The podcast provides insights into the factors leading to the decision, the projected economic outlook, and the impact of various recent developments.

The latest MPC decision marked the first policy announcement after Pakistan and the International Monetary Fund (IMF) recently agreed upon a Stand-By Arrangement (SBA).

The discussion delved into the changes that have taken place since the last monetary policy announcement in June 2023.

These changes encompass crucial aspects such as the SBA agreement, the federal budget for 2023-2024, stability in global commodity and petroleum prices, and signs of stability in the global economy, it was said in the podcast.

The agreement with the IMF has led to improved market sentiments and a significant enhancement of the foreign exchange reserves of the country. Despite nominal volatility in global commodity prices, the stabilising trend indicates a positive economic atmosphere.

Moreover, business and consumer inflation expectations are on a downward trajectory, aligning with the MPC’s outlook, according to Hussain.

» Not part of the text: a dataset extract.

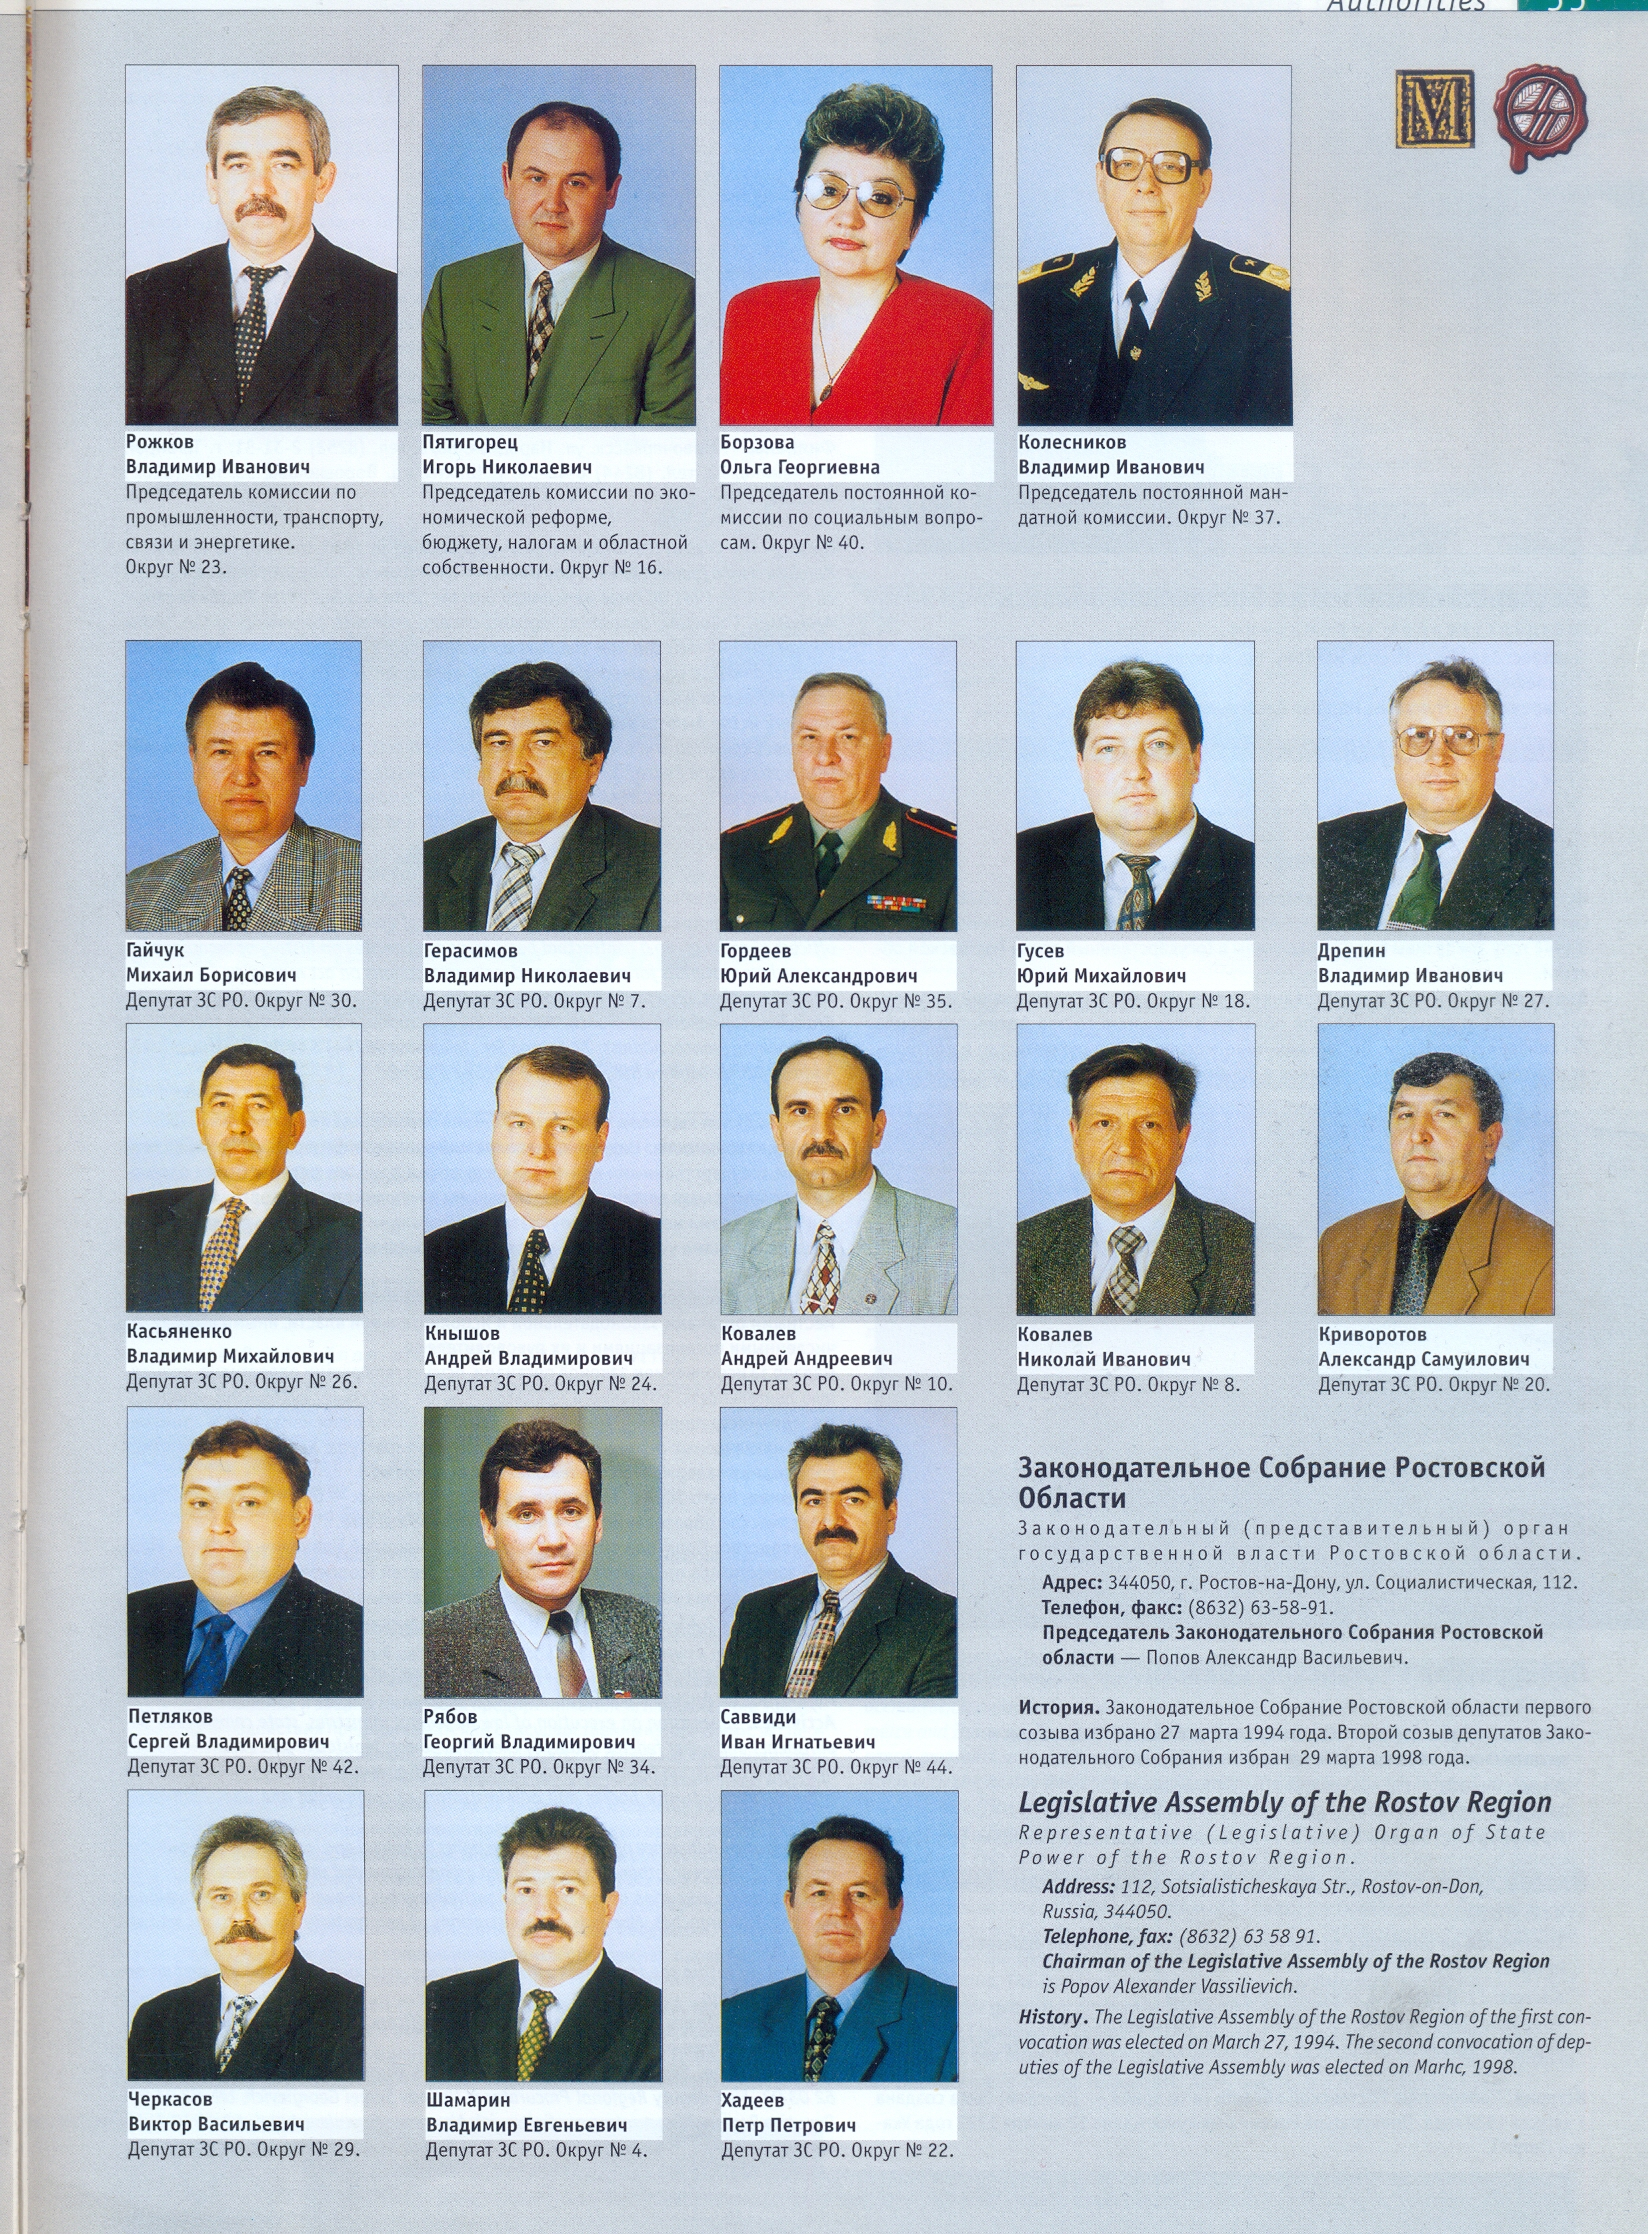 Есть такая профессия... Валентинович, Александр, депутат, Профессиональный, Сейчас, образца, Областная, Сроднился, кресле, депутатском, сидит, жизни, половину, ровно, Выходит, депутатам, депутатом, будущим, настоящим, родной

The conversation also addressed concerns related to recent price adjustments in key sectors such as petroleum, electricity, and upcoming gas price hikes. Hussain explained that these adjustments have been factored into the MPC’s decision-making process, with specific considerations about their impact on inflation.

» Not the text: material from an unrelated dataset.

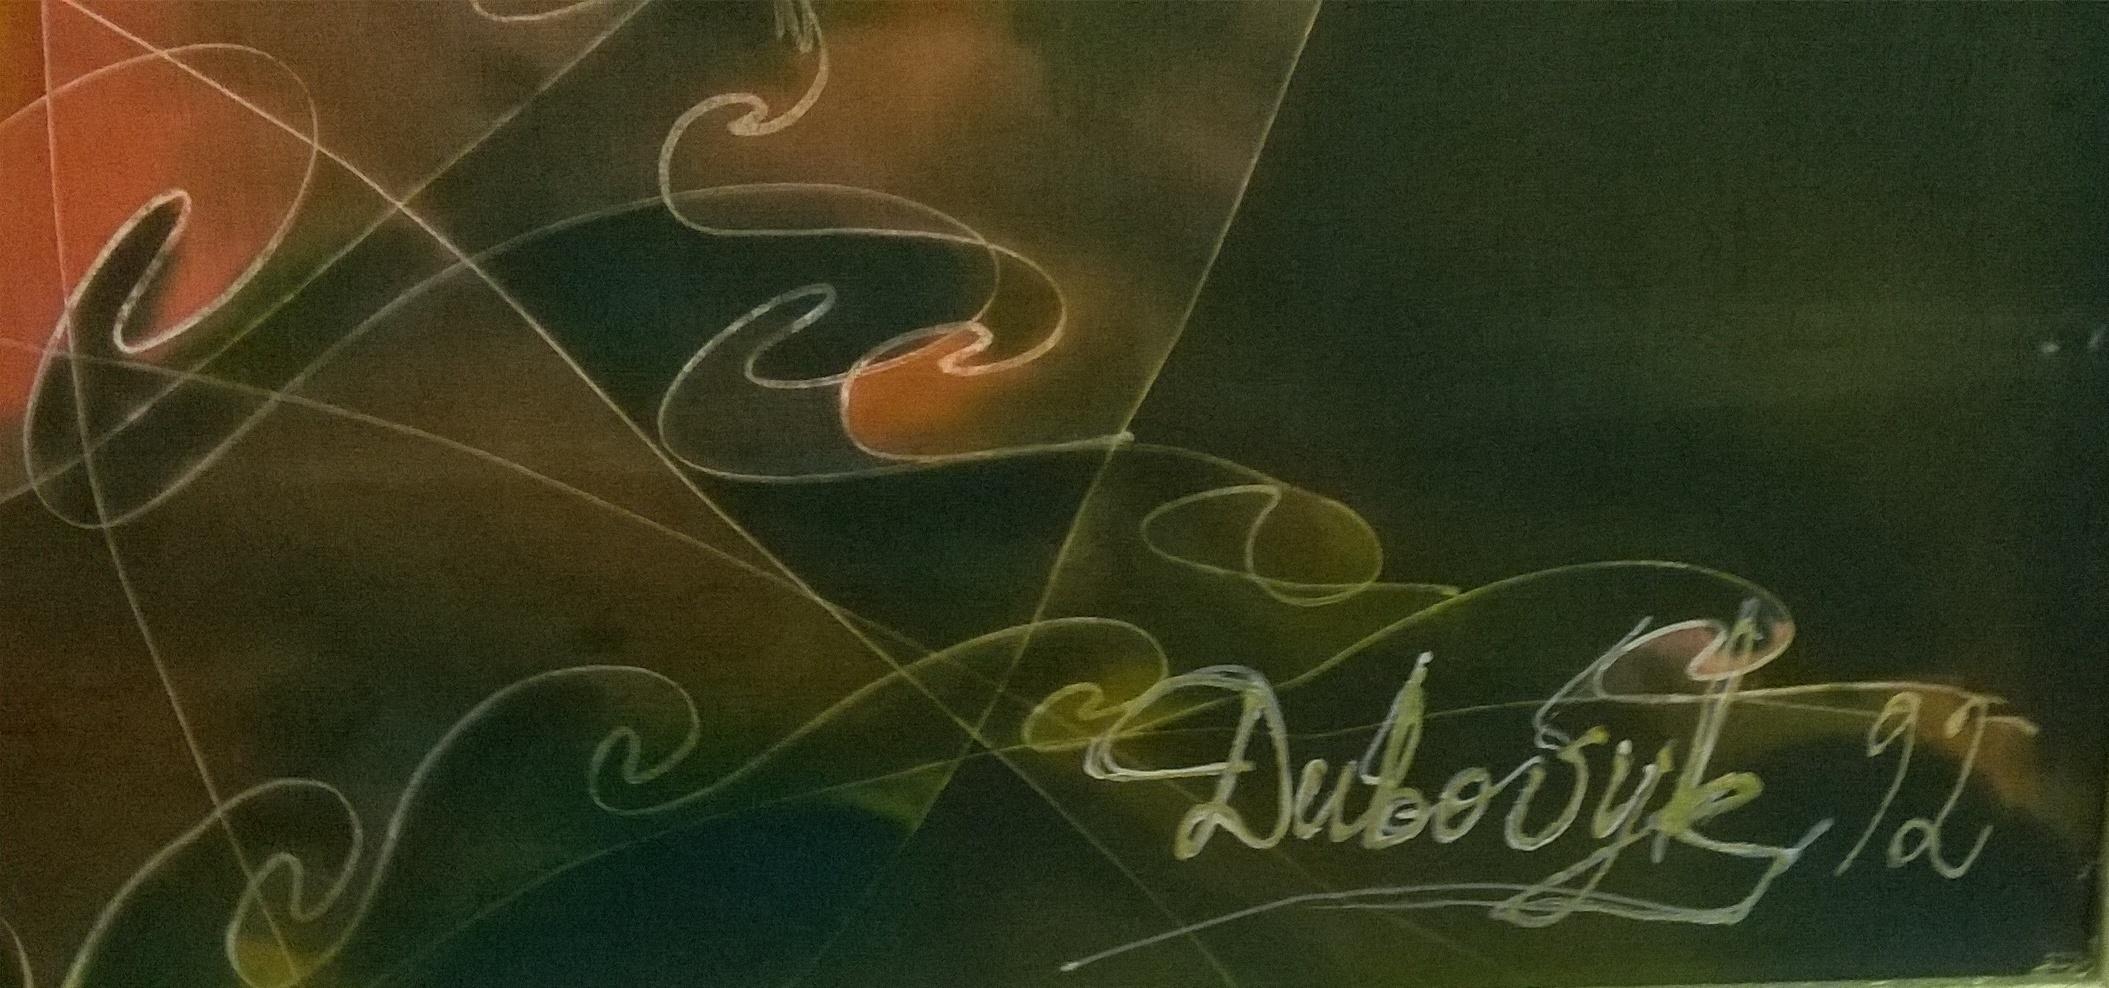 Писанка 1992, Шелк, холодный батик - 2

The podcast highlighted the removal of import restrictions and its potential effects on the exchange rate and inflation.

The discussion emphasised how the current high policy rate of 22% has subdued domestic demand, thereby minimising the potential pressure on the foreign exchange rate due to the removal of import restrictions.

The podcast concluded by explaining the concept of real interest rates and their impact on economic behavior. Positive real interest rates incentivise saving and discourage borrowing, ultimately leading to lower consumption and controlled inflation.

The episode offers an insightful assessment of the reasoning behind the latest monetary policy decision, considering various domestic and global factors.

It provides a comprehensive overview of the economic landscape in Pakistan, making it an important conversation for those seeking to understand the country’s monetary policy approach and economic trajectory.